А Санчо, тоже хитрая тварь, закричал удивленным голосом:

— Да я давно так думаю! Чего, в самом деле!


23. В ЖИЗНИ ВСЕ БЫВАЕТ

Крейцер приехал вместе с толстым человеком, водил его по колонии, все показывал, а больше всего показывал пацанов и говорил:

— А вот этот… Вы такого видели? Кирюшка, а ну иди сюда… как живешь?

Кирюшка мог бы кое-что рассказать о своей жизни, но посмотрел на толстяка, и охота у него пропала. У толстяка было бритое, выразительное лицо, только в данный момент оно ничего не выражало, кроме брезгливости, да и то сдержанной.

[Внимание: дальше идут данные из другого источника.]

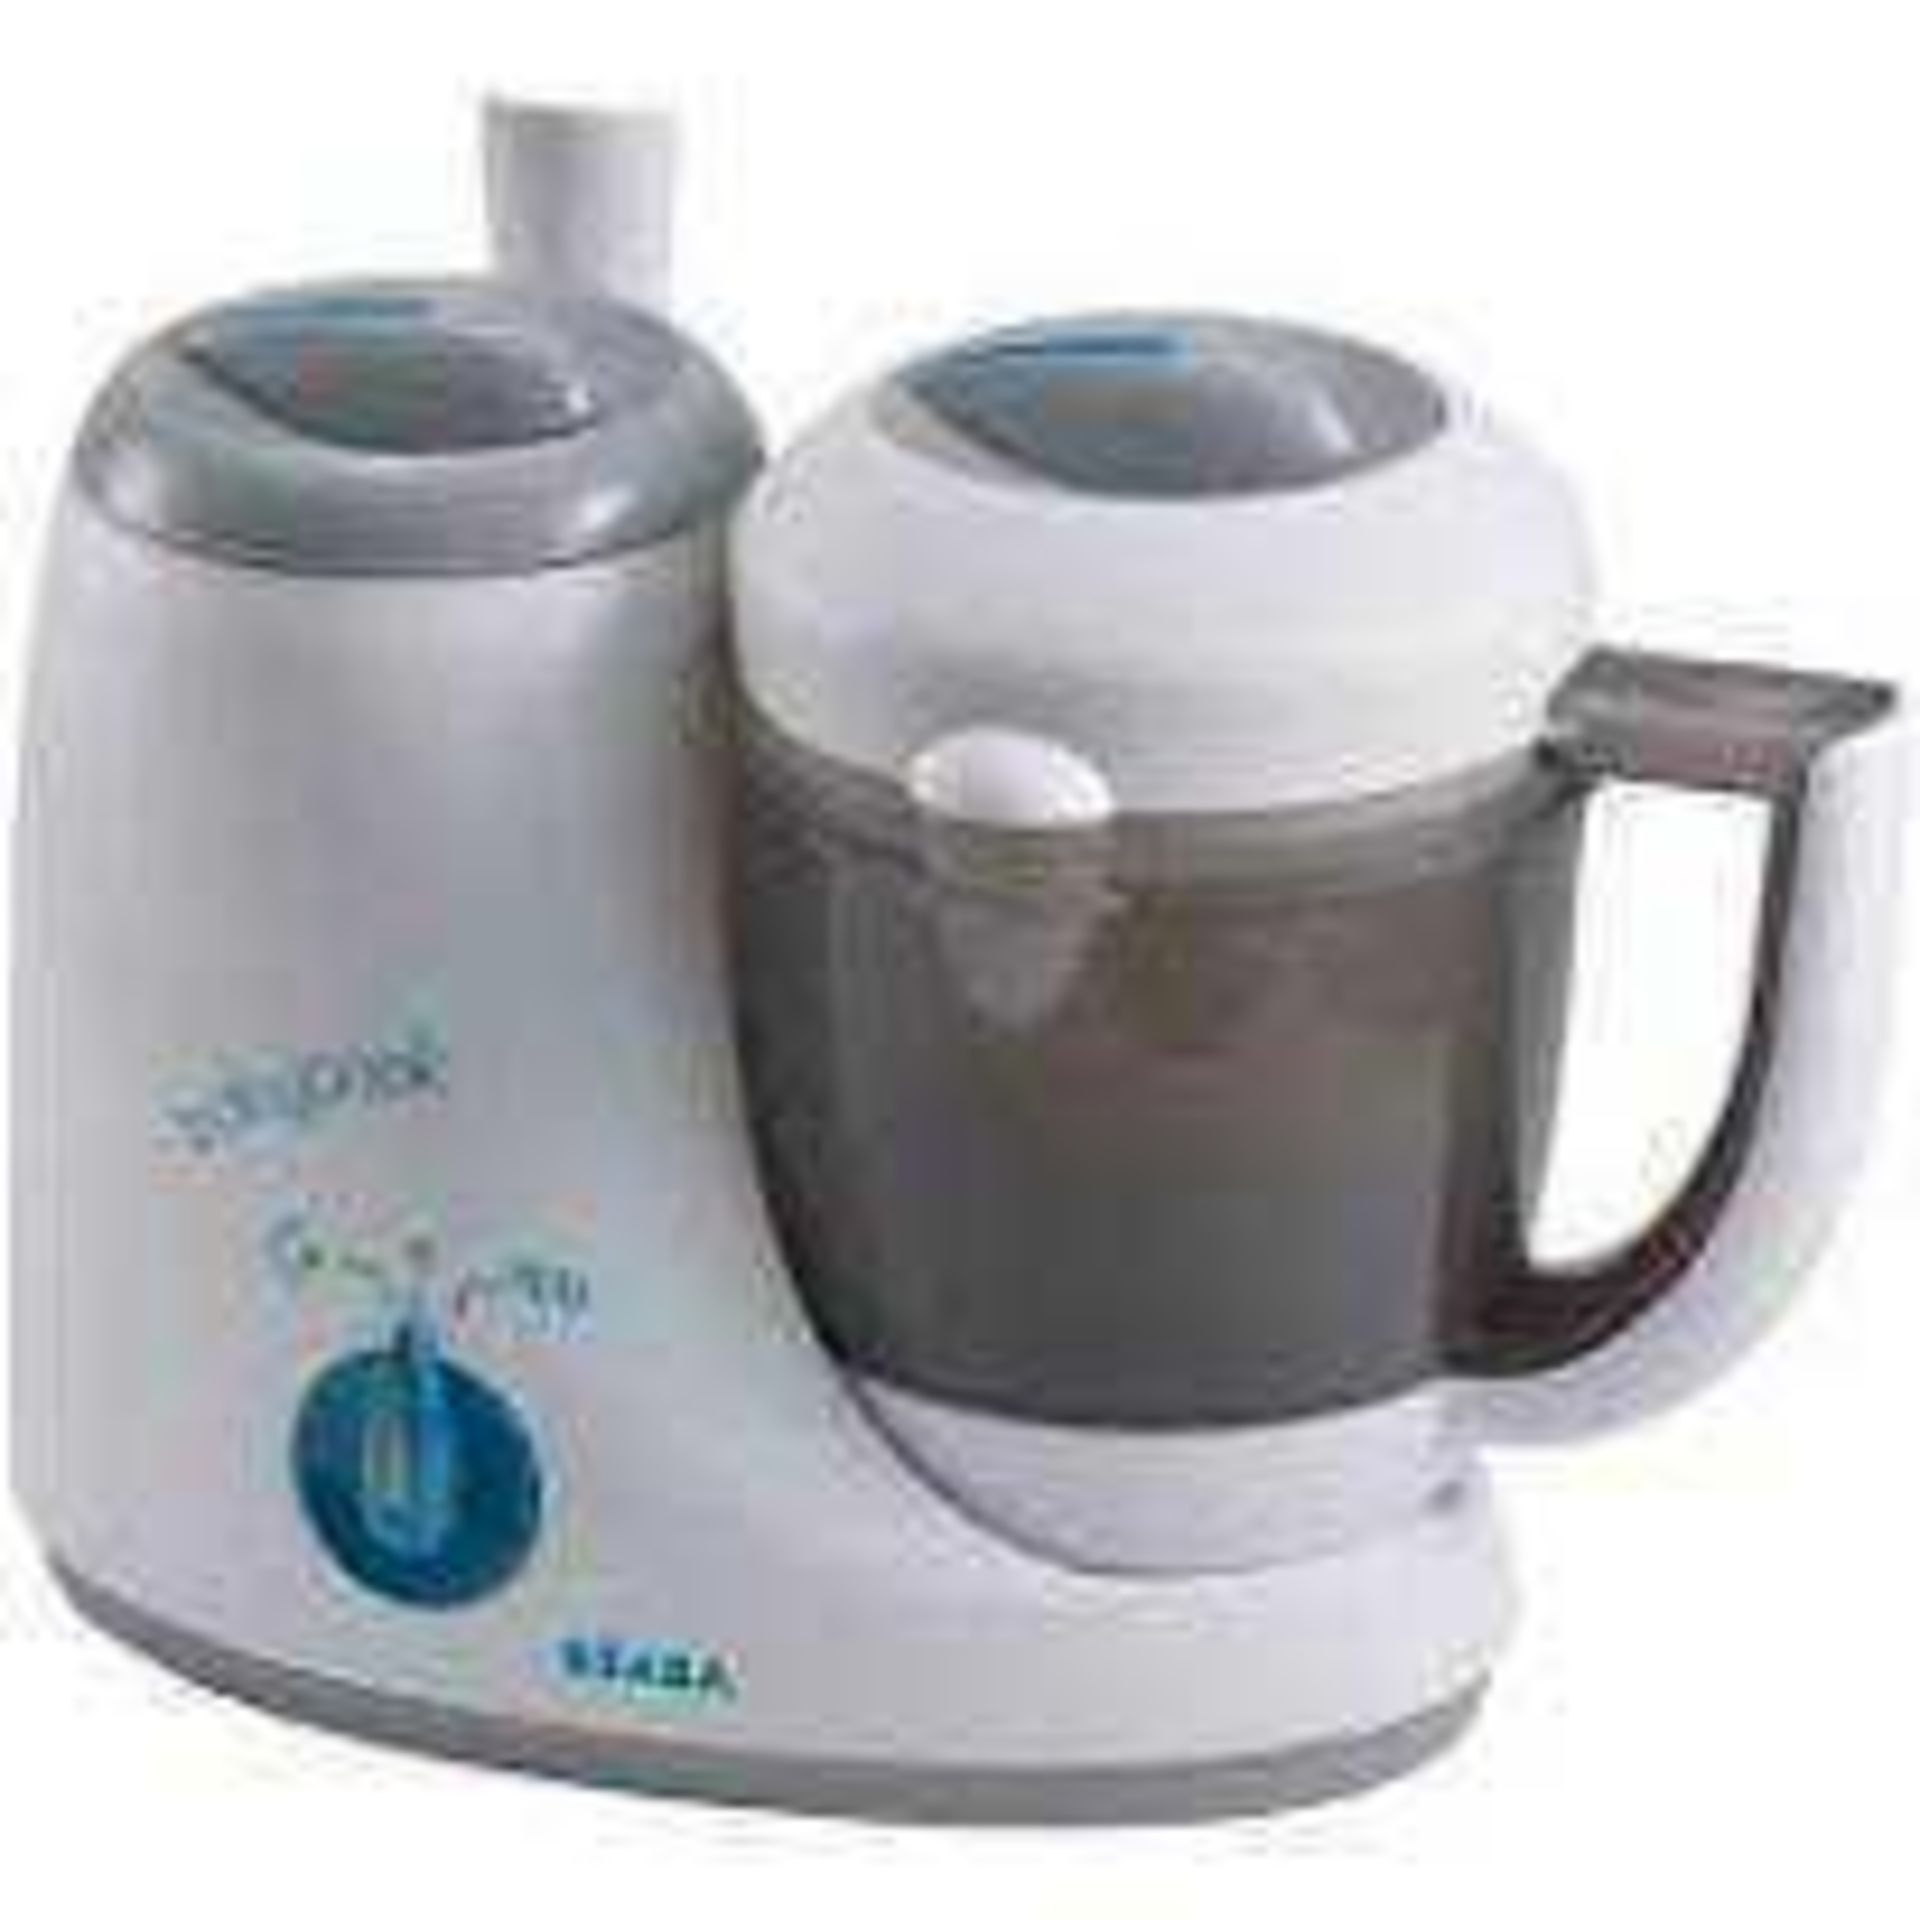 RRP £100 Boxed Beaba Babycook Original Baby Food Maker/Steam Cooker And Blender In One

— Вы еще, дорогой, ничего не понимаете, — сказал Крейцер.

Толстяк ответил стариковским басом:

— Я — инженер, Михаил Осипович, и не обязан понимать всякую романтику.

— Хэ, — коротко засмеялся Крейцер, — ты, Кирюша, оказывается, существо романтическое.

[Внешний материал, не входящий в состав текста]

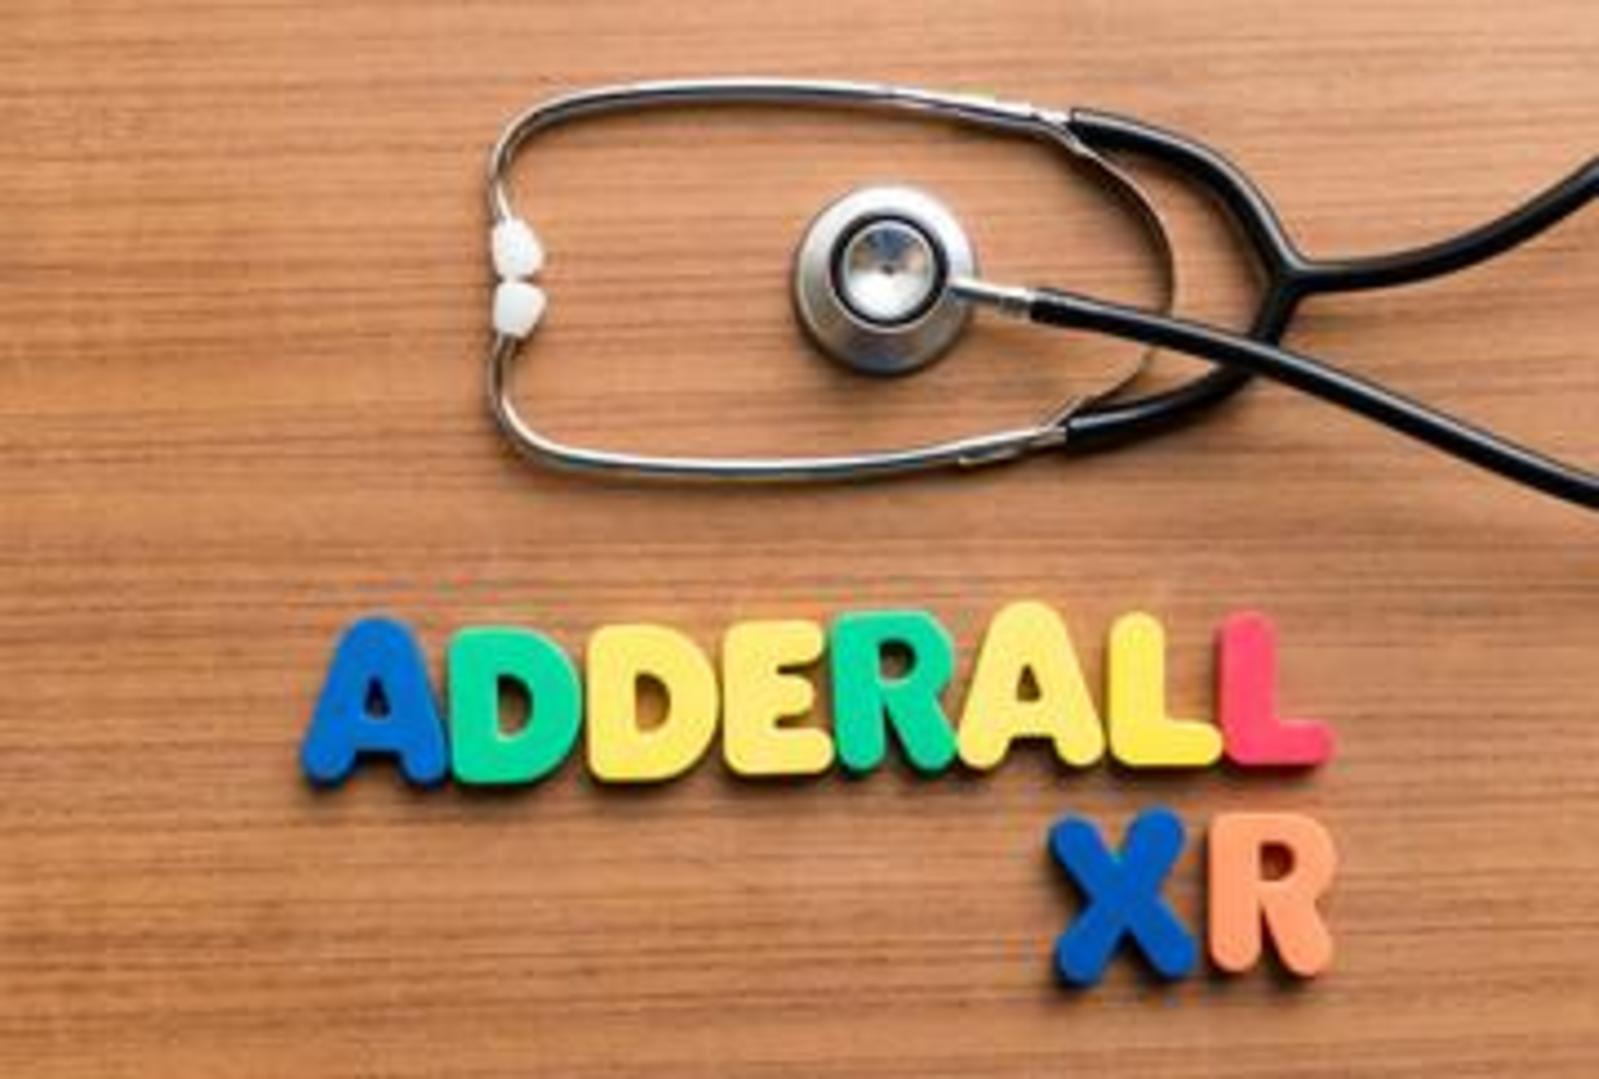 Where can I buy Adderall 20 mg online? In a legal way for ADHD treatment | WorkNOLA

Кирюша моргнул в знак согласия и убежал. Володя трубил «совет бригадиров», а потом спросил у Кирилла:

— Чего он тебе говорил, старый?

— Непонятное что-то! Говорит — я инженер!

В комнате совета бригадиров еле-еле поместились. Каким-то ветром разнелось по колонии, что приехавший инженер будет говорить о новом заводе. И Ваня Гальченко одним из первых занял место на диване. Было много и взрослых: пришли учителя, мастера, даже Волончук залез в угол и оттуда поглядывал скучно и недоверчиво.

Крейцер прищуренным глзаом оглядел колонистов, перемигнулся с Захаровым и сказал:

— Так вот, ребята. Дело у нас начинается. Познакомьтесь — это инженер Петр Петрович Воргунов. Насчет нового завода у нас с ним есть план, интересный план, очень интересный, у нас, тами, в городе, этот план понравился, будем делать такой завод — завод электроинструмента. Петр Петрович, пожалуйста.

Инженер Воргунов занял весь стол Вити Торского. Он не посмотрел на колонистов, не ответил взглядом Крейцеру; вид у него был тяжеловато-хмурый. Большая голова с редкими серыми волосами поворачивалась медленно. Он открыл небольшой чемоданчик и достал из него хитрую блестящую машинку, похожую на большой револьвер. С некоторым трудом он взвесил ее на руках и начал говорить голосом негромким, отчужденным, видно, что по обязанности.

— Это — електросверлилка, значит, работает электричеством. Вот шнур, включается в обыкновенный штепсель…

Он включил, сверлилка в его руках вдруг зажужжала, но движение вследствие быстроты не было видно и лишь угадывалось.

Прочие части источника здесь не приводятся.